(Source data begins)

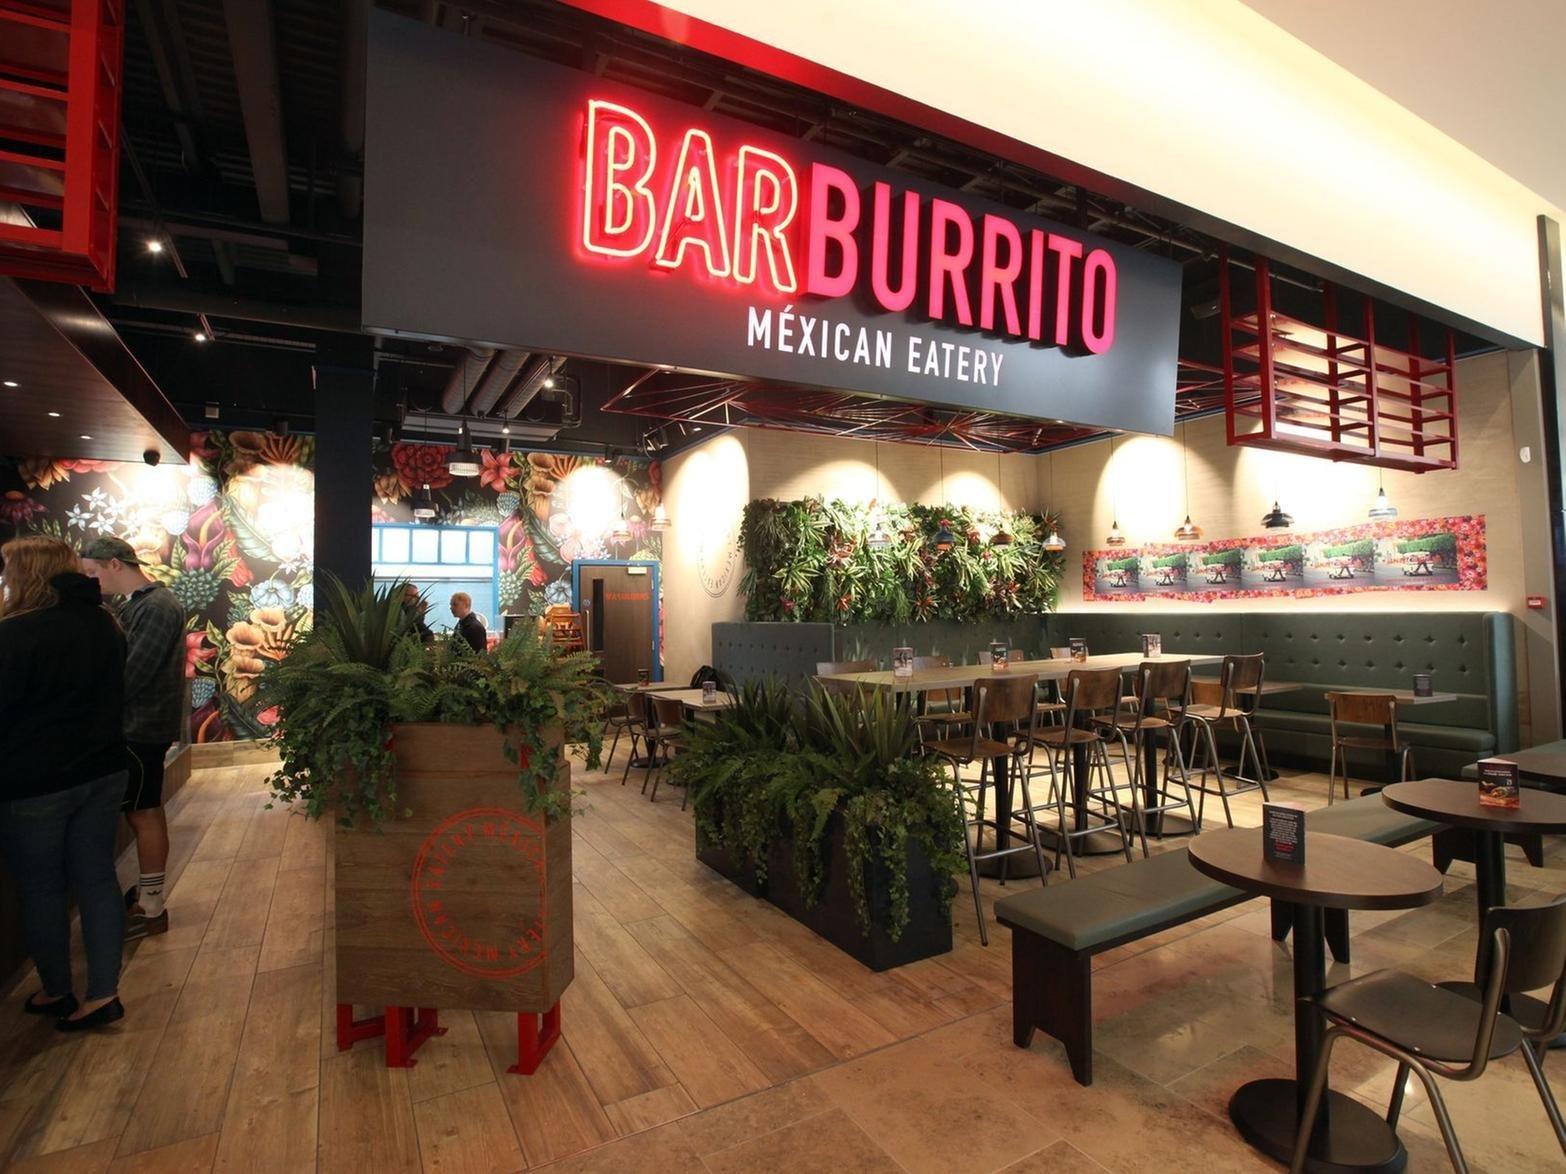 Since it was founded in 2005, Barburrito has been a huge success, and now operates 21 stores across the country. Could they set their sights on Pontefract or Castleford next?
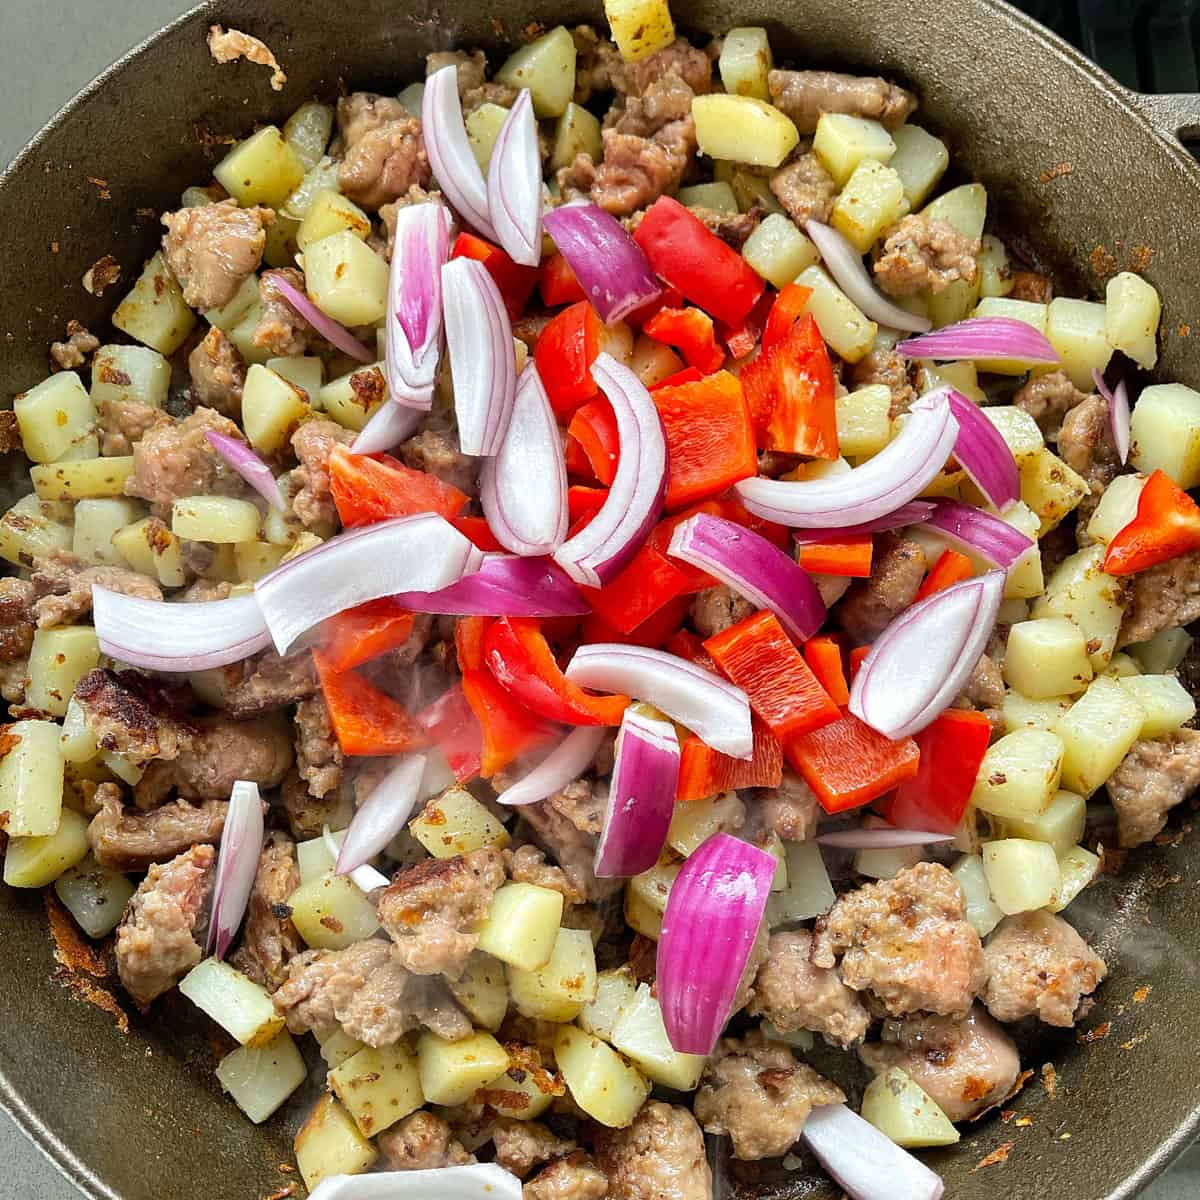 Fried potatoes and sausages in a large pan with fresh red onion and capsicum added.
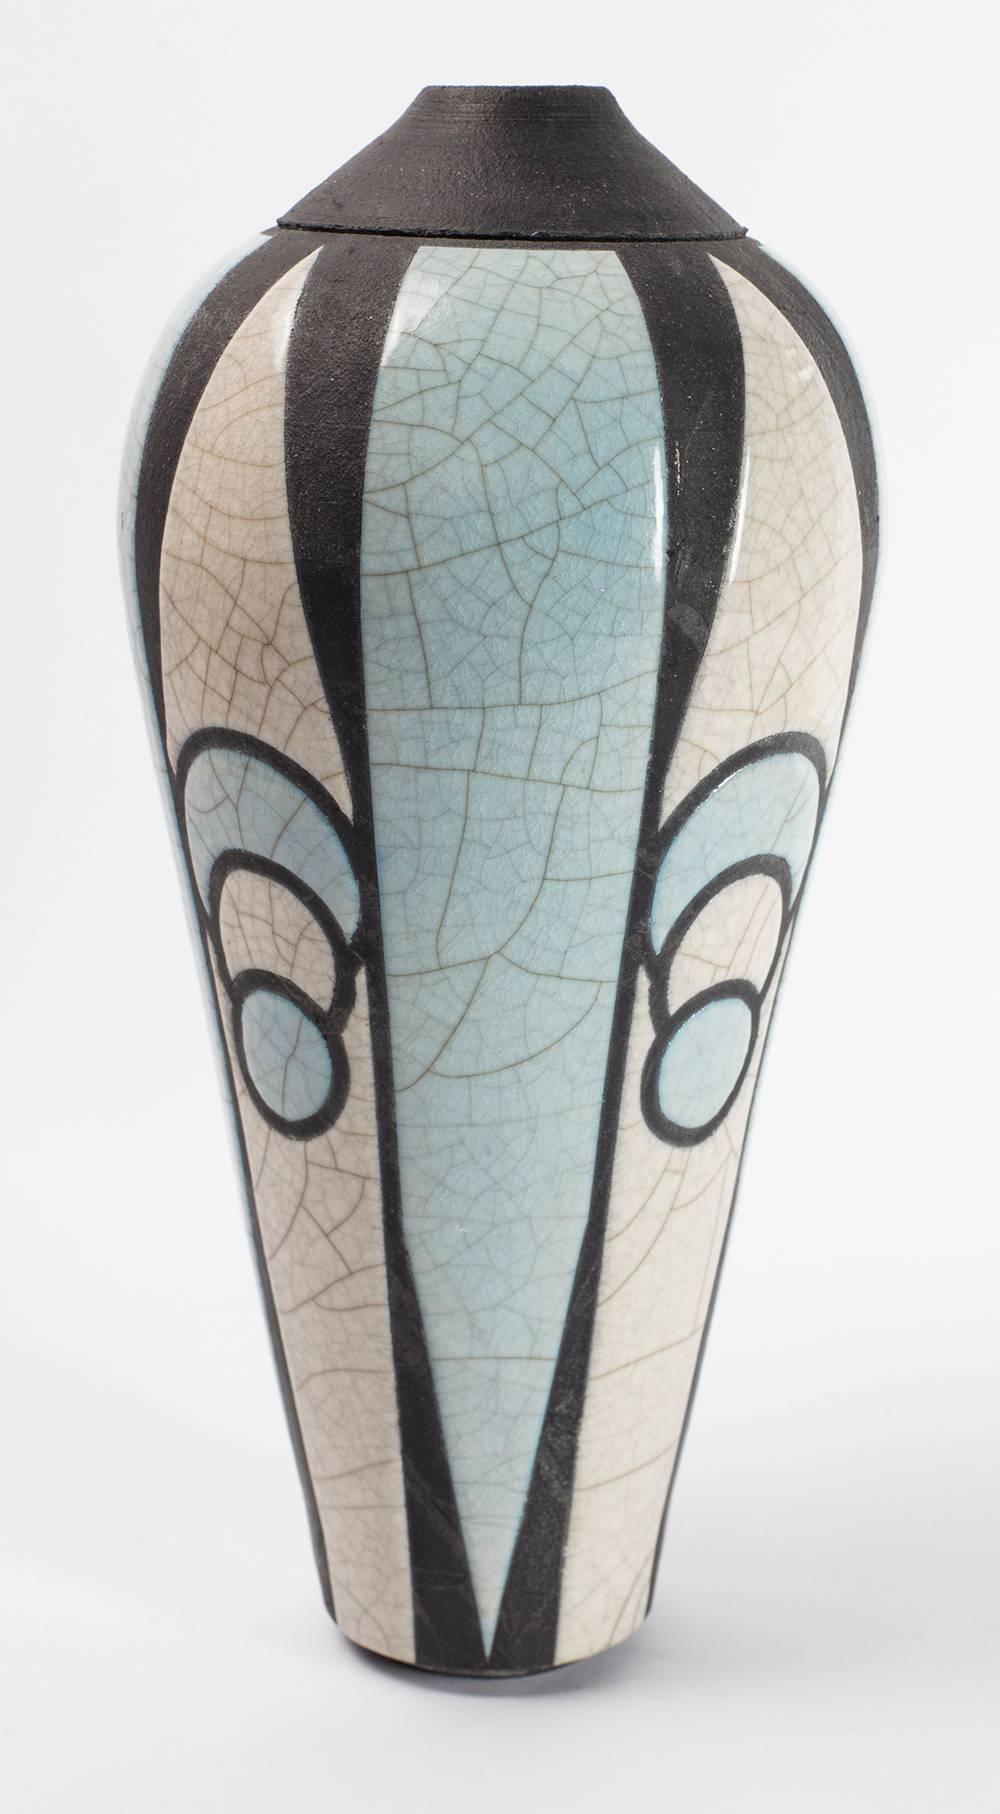 Dynamic American Raku pottery enameled glaze pottery vase in geometric high relief, two-tone blue, grey, white and black Signed on base. Measures: 12” high x 5” diameter.
 

(Source data ends)

◆ Required work:
Every line of the listing should be repeated exactly; no picture should appear.

◆ Answer area:
 Since it was founded in 2005, Barburrito has been a huge success, and now operates 21 stores across the country. Could they set their sights on Pontefract or Castleford next?
 Fried potatoes and sausages in a large pan with fresh red onion and capsicum added.
 Dynamic American Raku pottery enameled glaze pottery vase in geometric high relief, two-tone blue, grey, white and black Signed on base. Measures: 12” high x 5” diameter.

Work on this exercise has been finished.